O 9º BPM foi chefiado, em muitos momentos, pelo tenente-coronel Cláudio Luiz Silva de Oliveira, condenado a 36 anos de prisão, acusado de ser o mandante do assassinato da juíza Patrícia Acioli.
Com portas fechadas na polícia, Lessa, de acordo com a investigação, passou a fazer parte de uma organização criminosa de matadores de aluguel, conhecida como a mais temida e eficiente do Rio.
Conhecidos de Lessa teriam relatado aos investigadores que ele é capaz de tudo para cumprir as empreitadas criminosas, sem medir as consequências. Hábil no manejo principalmente de fuzis, é conhecido por gostar de atirar sentado, embora uma prótese moderna disfarce bem o problema físico quando em pé.

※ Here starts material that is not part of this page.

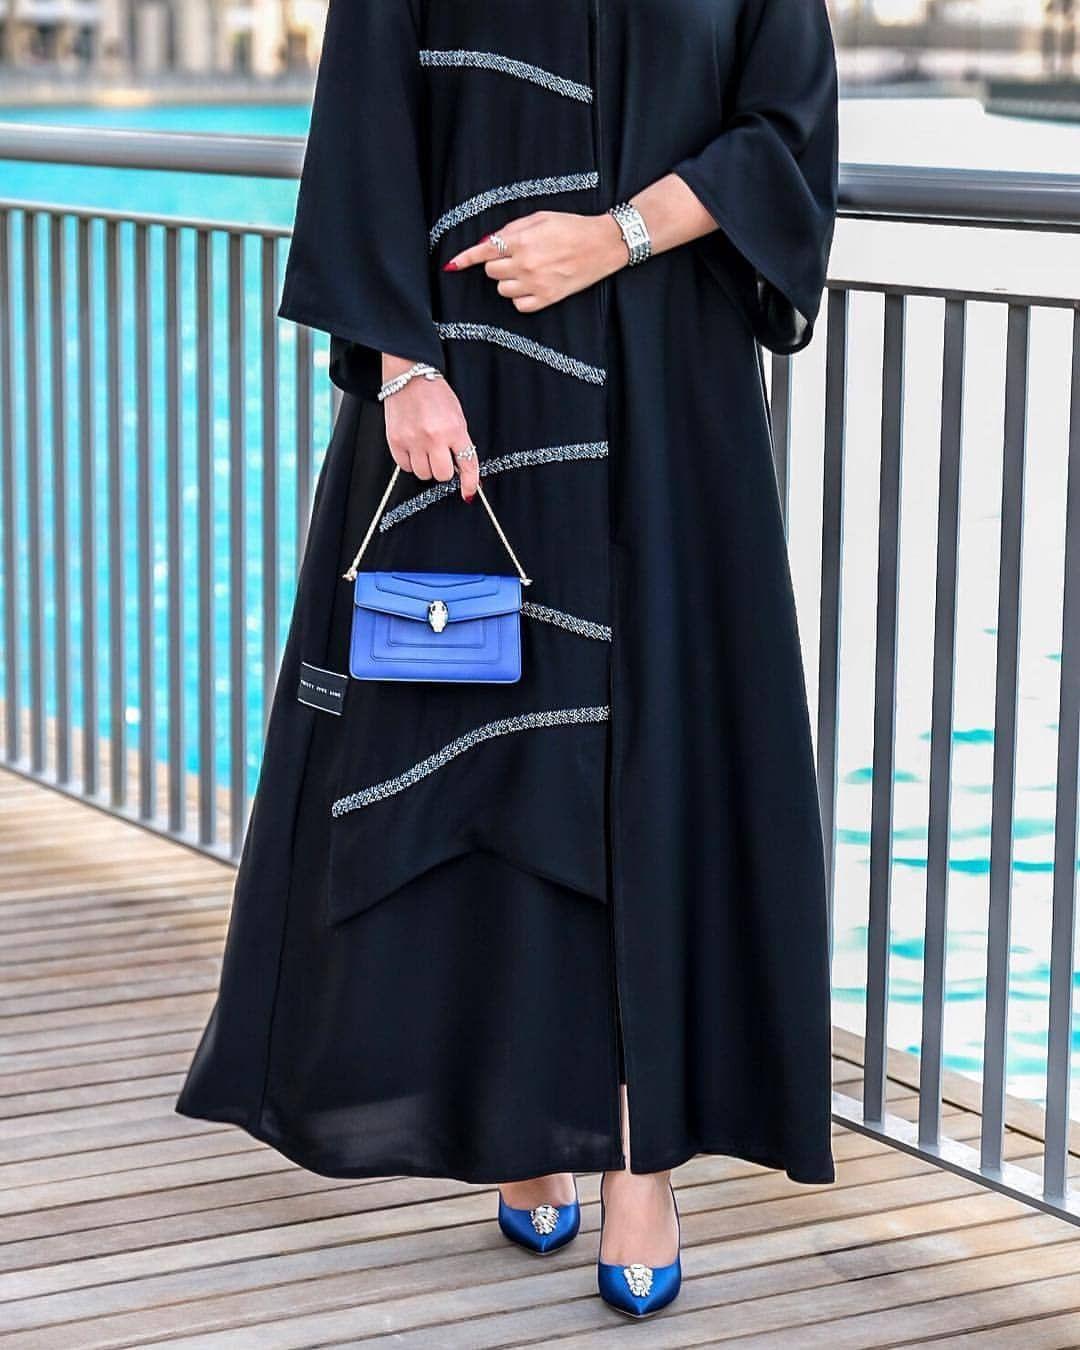 Repost Elegant Boutique With Instatoolsapp E21 عباية سودا مع كحلي مع شك Subhanabayas Fashionblog L Abaya Fashion Dubai Abaya Fashion Abayas Fashion

Lessa foi preso em sua casa no condomínio Vivendas da Barra, na Avenida Lúcio Costa, 3.100, Barra da Tijuca. O local é o mesmo onde o presidente da República, Jair Bolsonaro (PSL), mora. O condomínio fica de frente para o mar, com seguranças na portaria.
No local, os agentes apreenderam o carro de Lessa, uma SUV Infiniti FX35 V6 AWD, blindada. O modelo custa em média R$ 120 mil. Os agentes também descobriram que o policial viajava com frequência para o exterior.
Lessa também é suspeito de manter um imóvel no Méier, na Zona Norte do Rio. Agentes da Divisão de Homicídios da Polícia Civil realizaram mandado de busca no local e encontraram grande quantidade de armas desmontadas.
Elcio Queiroz, expulso da corporação
Já ex-PM Elcio Vieira Queiroz foi expulso da corporação depois de ter sido réu na Operação Guilhotina da Polícia Federal, em 2011. Ele foi um dos 45 denunciados pelo Ministério Público estadual do Rio pelos crimes de formação de quadrilha armada, peculato, corrupção passiva, comércio ilegal de arma de fogo, extorsão qualificada, entre outros delitos.
Segundo o processo, foram expedidos mandados de prisão contra 11 policiais civis, 21 PMs — incluindo oito que atuavam na Delegacia de Repressão a Armas e Explosivos (Drae), que acabou sendo extinta; e na Delegacia de Combate a Drogas (DCOD) —, além de 13 ex-policiais e informantes. Na época, Élcio era segundo sargento do 16º BPM (Olaria), mas atuava cedido à Polícia Civil como adido, função muito comum nos anos 2000.
A ocupação profissional dele como motorista de escolta de cargas foi considerada pelos investigadores quando ele passou a ser considerado o condutor do veículo durante o crime.
Queiroz é é filiado ao DEM no Rio de Janeiro. Com inscrição registrada em julho de 2011 e ainda ativa, ele vota na zona eleitoral 214, no Meier, zona norte da cidade, próximo ao local onde reside e foi preso.
O presidente do partido no Estado é o vereador e ex-prefeito Cesar Maia, uma das figuras mais importantes da política fluminense nas últimas décadas. Ele é pai do presidente da Câmara dos Deputados, Rodrigo Maia, também do DEM-RJ. A reportagem entrou em contato com a legenda e aguarda o retorno.